- Opening Delimiter -

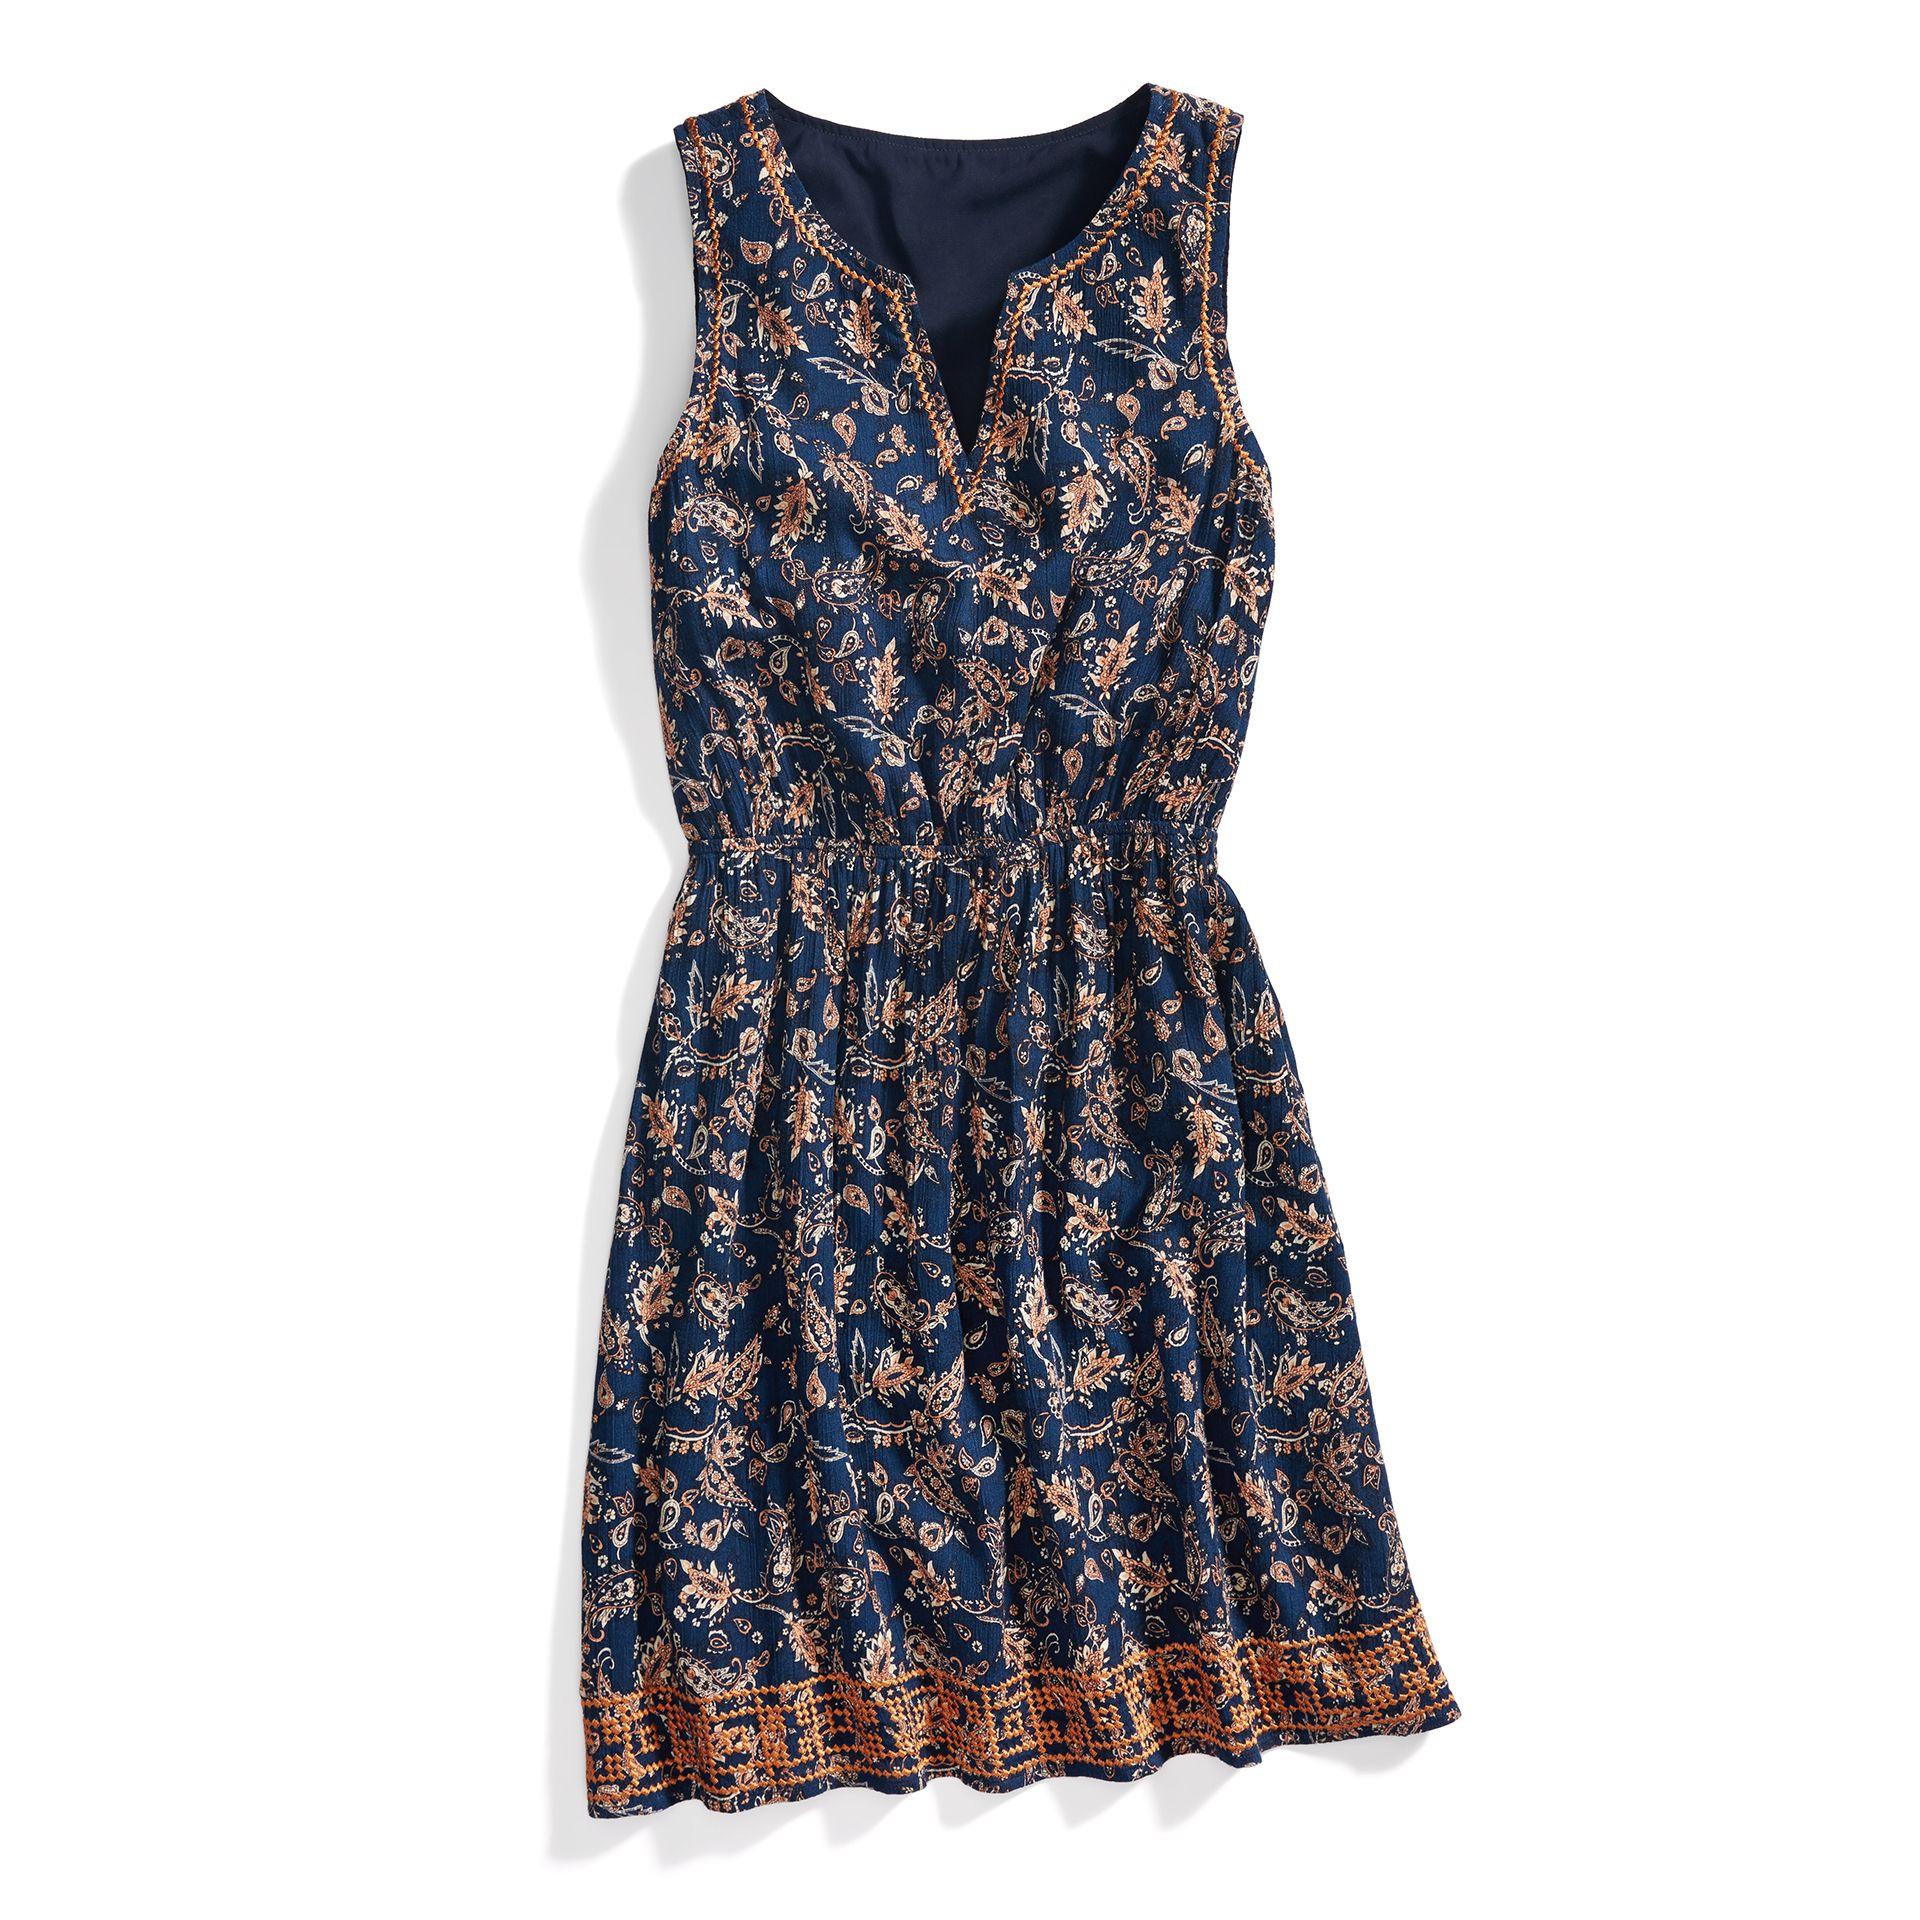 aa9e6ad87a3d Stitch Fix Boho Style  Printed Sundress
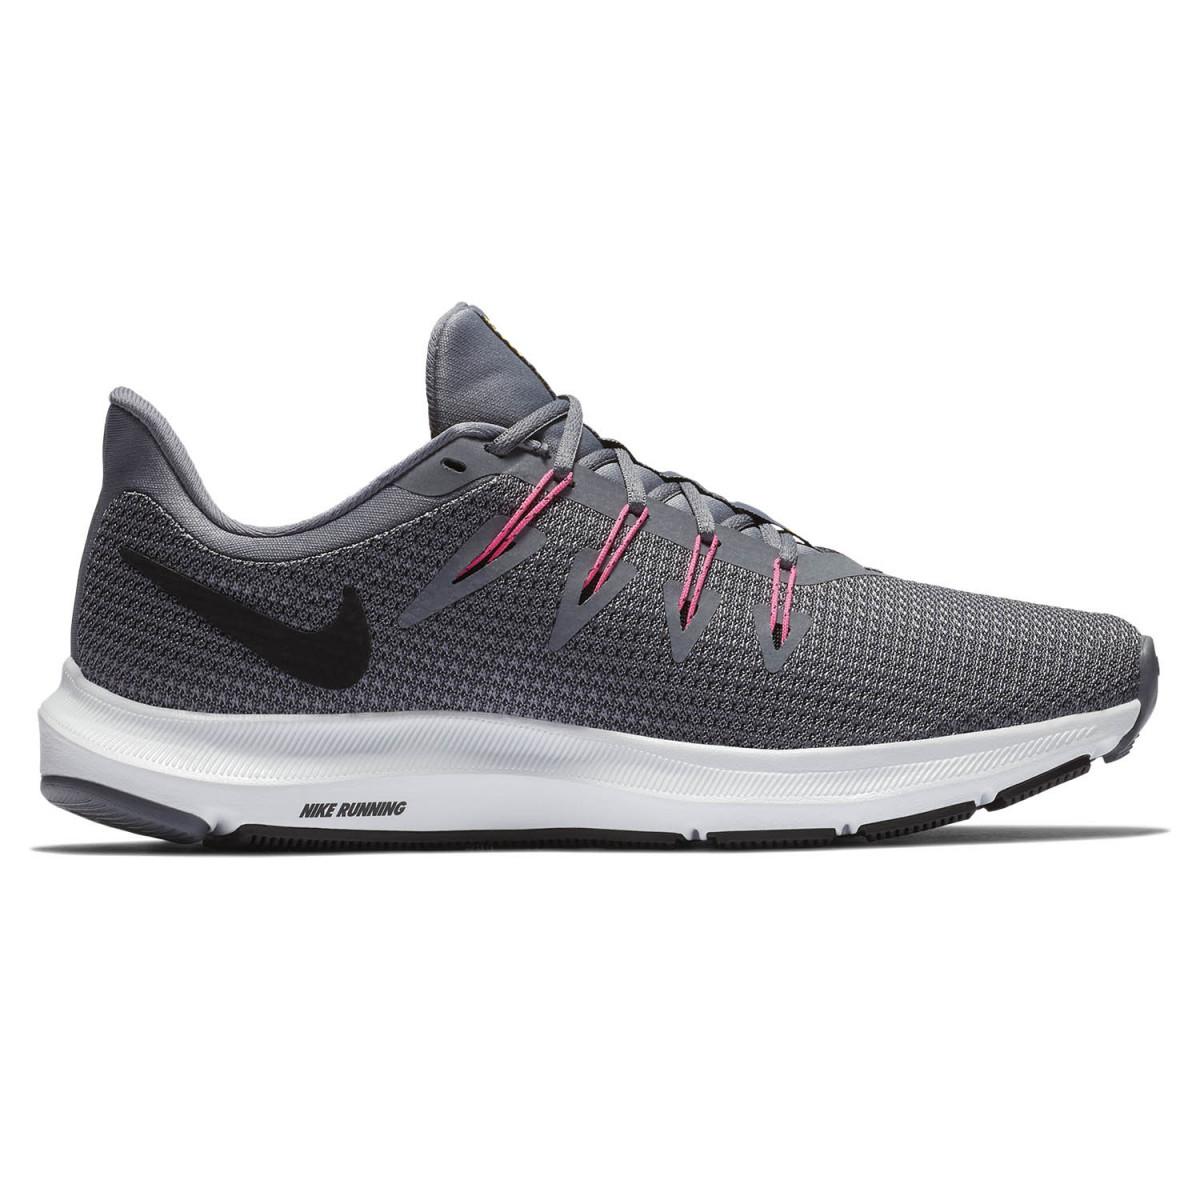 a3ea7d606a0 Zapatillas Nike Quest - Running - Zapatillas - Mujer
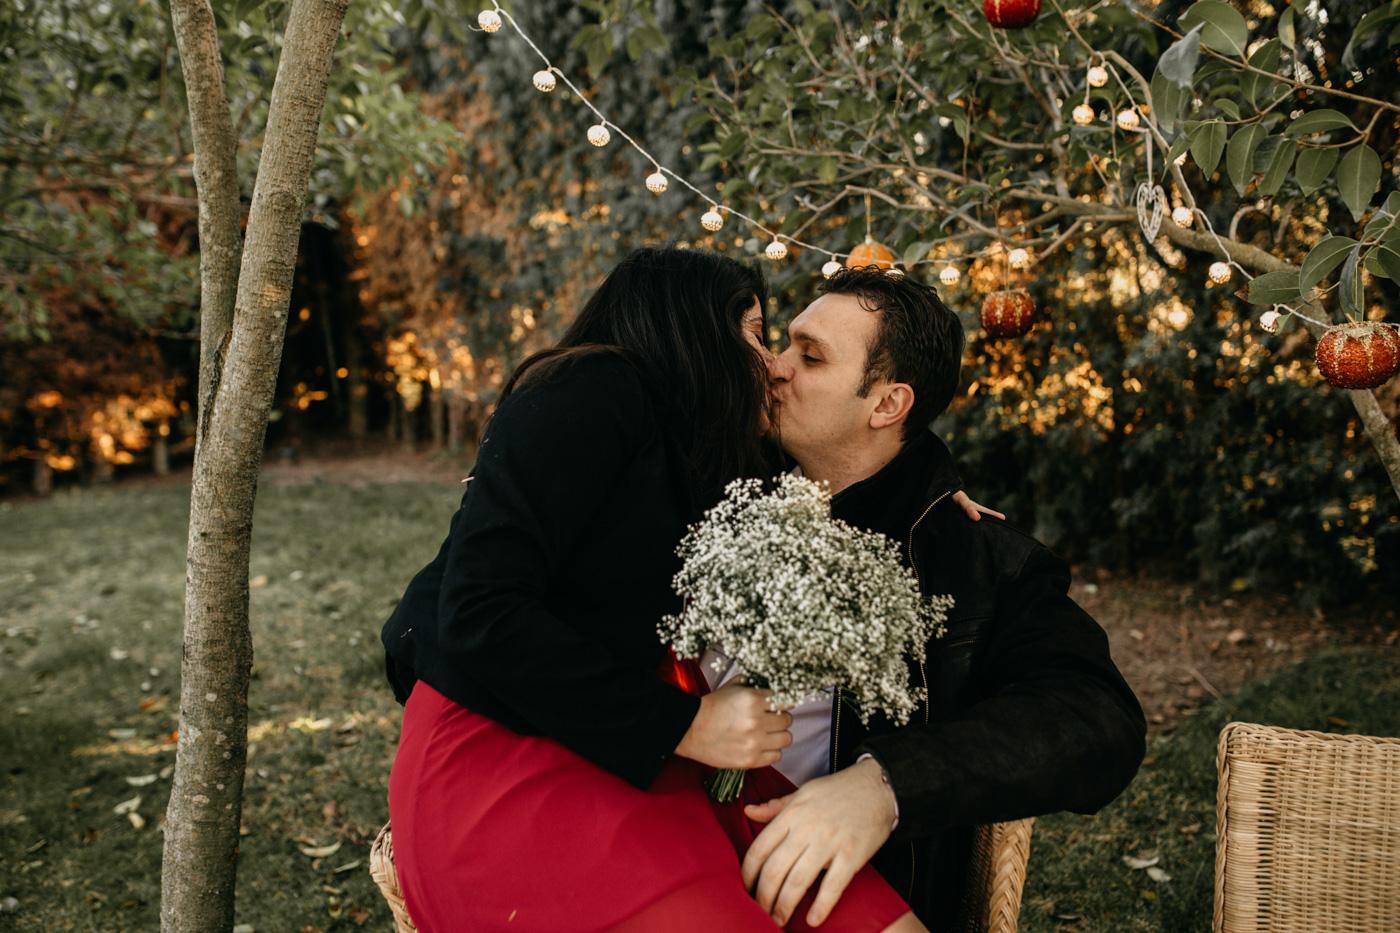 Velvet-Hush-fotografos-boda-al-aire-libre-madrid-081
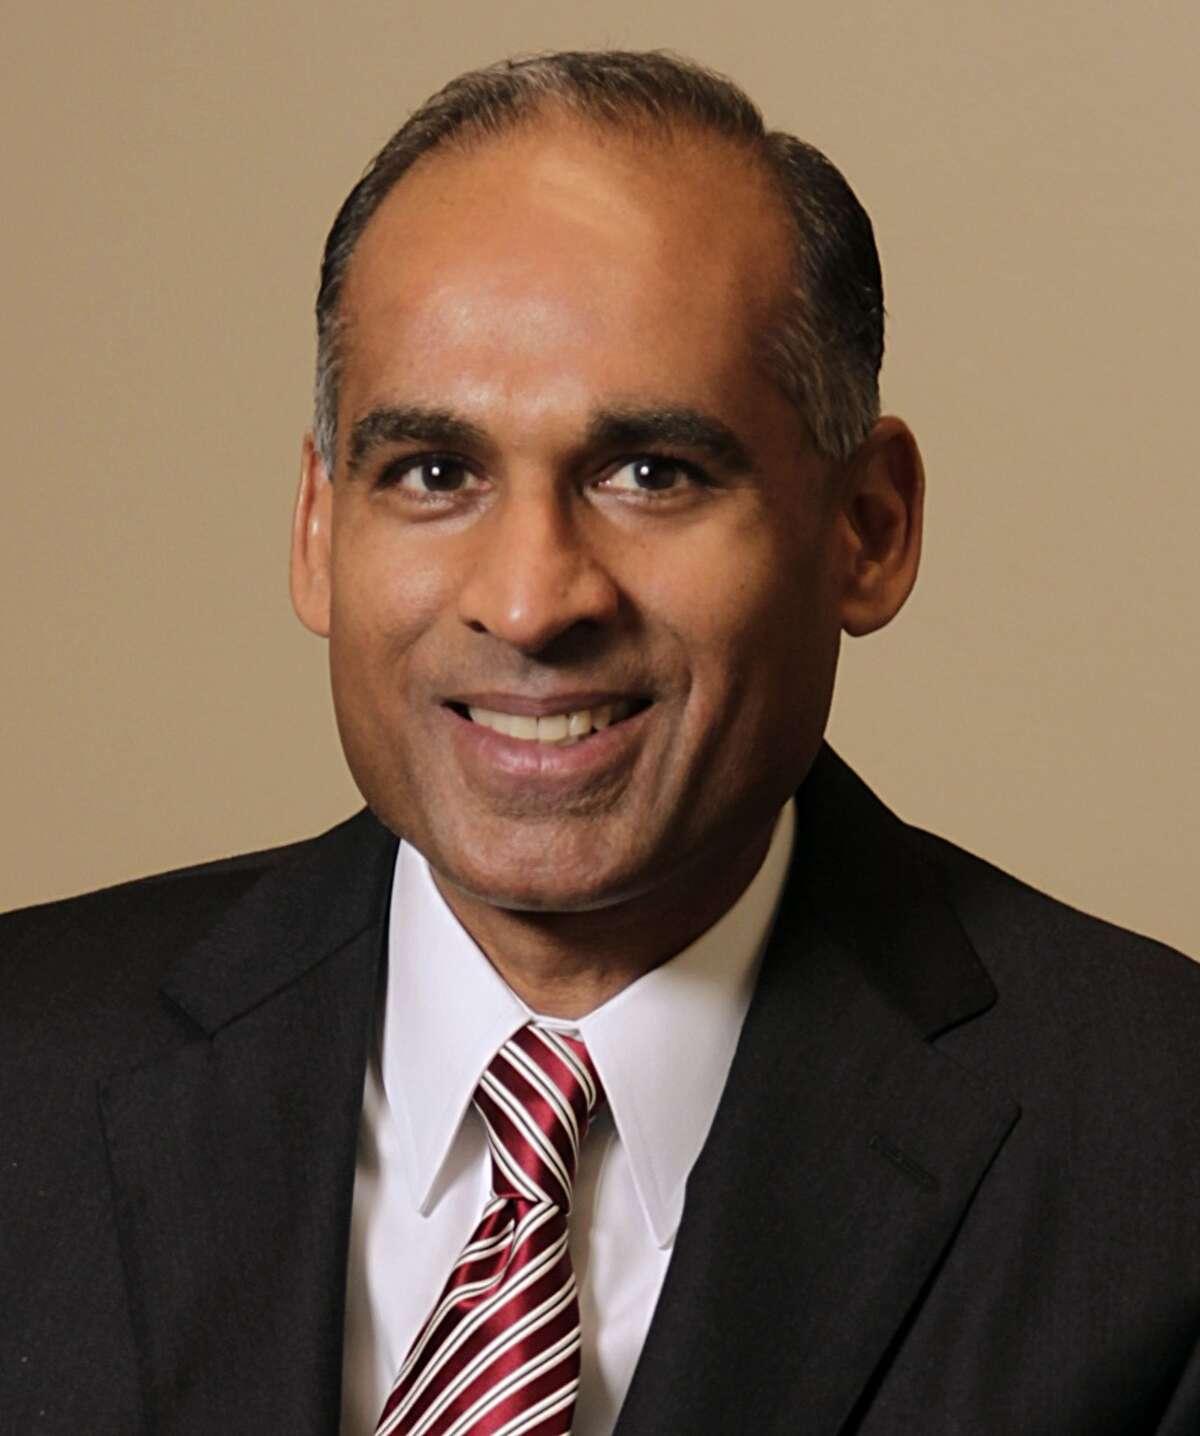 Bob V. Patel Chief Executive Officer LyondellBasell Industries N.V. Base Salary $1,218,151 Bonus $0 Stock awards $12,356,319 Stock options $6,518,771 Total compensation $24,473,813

- Closing Delimiter -

Pictures in the data above should not be copied; transcribe everything else exactly.

### Output:
 aa9e6ad87a3d Stitch Fix Boho Style  Printed Sundress
 a3ea7d606a0 Zapatillas Nike Quest - Running - Zapatillas - Mujer
 Velvet-Hush-fotografos-boda-al-aire-libre-madrid-081
 Bob V. Patel Chief Executive Officer LyondellBasell Industries N.V. Base Salary $1,218,151 Bonus $0 Stock awards $12,356,319 Stock options $6,518,771 Total compensation $24,473,813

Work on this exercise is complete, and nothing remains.